CCSA, which represents the state’s charter schools, worked behind the scenes with the governor to push for amendments to prevent what it called “devastating consequences” for its member schools.

“We absolutely got to a better place,” CCSA’s Castrejon told Speak UP in August.

Nevertheless, many parents voiced displeasure with the process, and some leading education reform groups, including EdVoice and the Charter Schools Development Center, remained staunchly opposed to the bill.

“Parents were not included in any of these negotiations,” said Roxann Nazario, a parent at GALS charter in Panorama City who led multiple parent meetings with legislators opposing AB 1505. “There was no one in the room voicing parent concerns on any level.”

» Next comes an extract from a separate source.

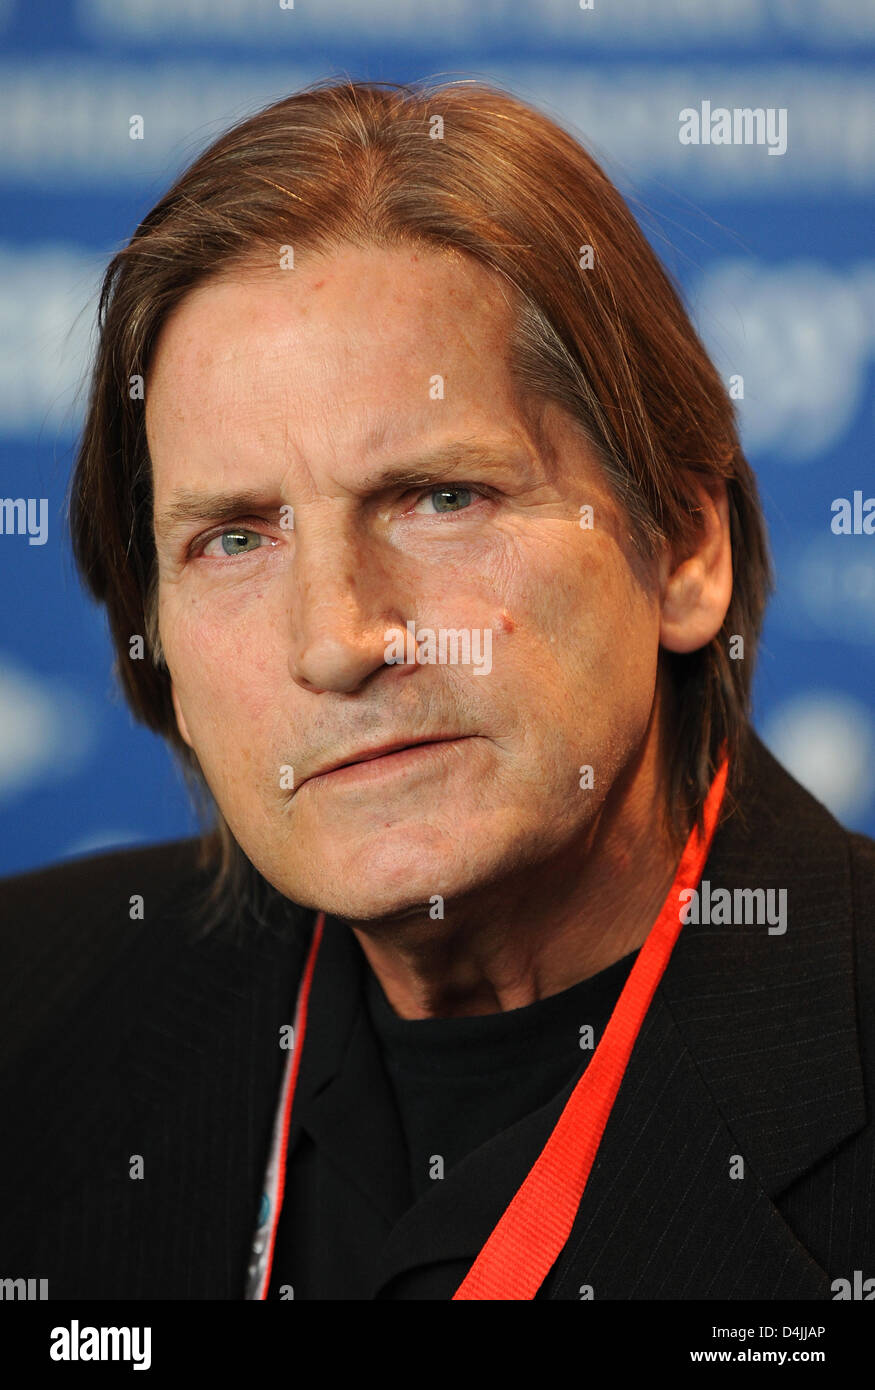 Actor Joe Dallesandro poses during the photo call for the film ?Little Joe? at the 59th Berlin International Film Festival in Berlin, Germany, 12 February 2009. The film runs in the section ?Panorama Documents?. 18 films compete for the Silver and Golden Bear awards at the 59th Berlinale. Photo: Photo: Joerg Carstensen Stock Photo
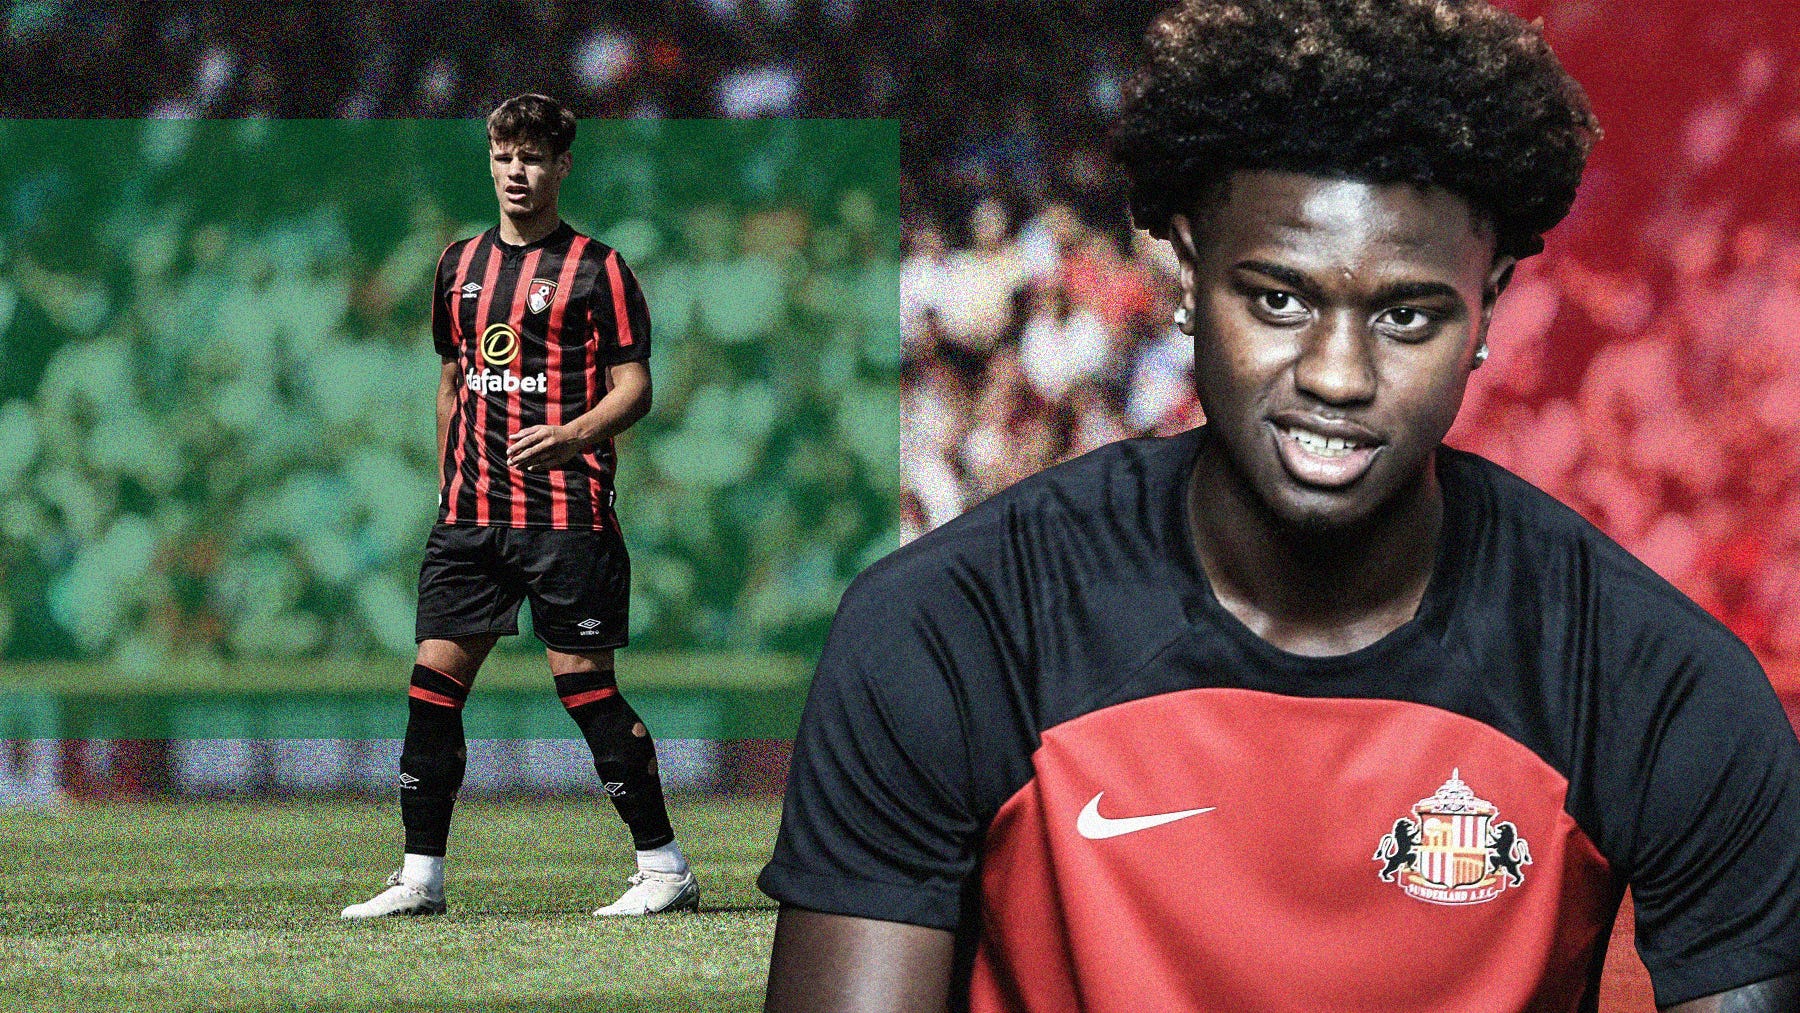 A composite image featuring two photos: one the left is Milos Kerkez playing for Bournemouth, on the right is a close-up of Sunderland's Luís Semedo

While 10% of the state’s kids attend public charters, about 60% of public school parents support charter schools, according to a recent poll from the Public Policy Institute of California. Thousands of parents, including many Speak UP members, called, emailed, traveled to Sacramento and flooded lawmakers’ district offices over the past six months to oppose the attack on parent choice. Many immediately took to Facebook to vent after news of a deal broke.  

“I feel so defeated and unheard,” said charter parent Tanya Do from La Habra. “This shows that politics benefit the one with the best cash offer.”   

Parents protested anti-charter proposals

Parents protested anti-charter proposals

The powerful California Teachers Association spent $1 million per month this spring to lobby for the bill, making CTA the largest spender of any lobbying organization in the state – outpacing even Big Oil. CCSA did not even crack the list of top 10 spenders.  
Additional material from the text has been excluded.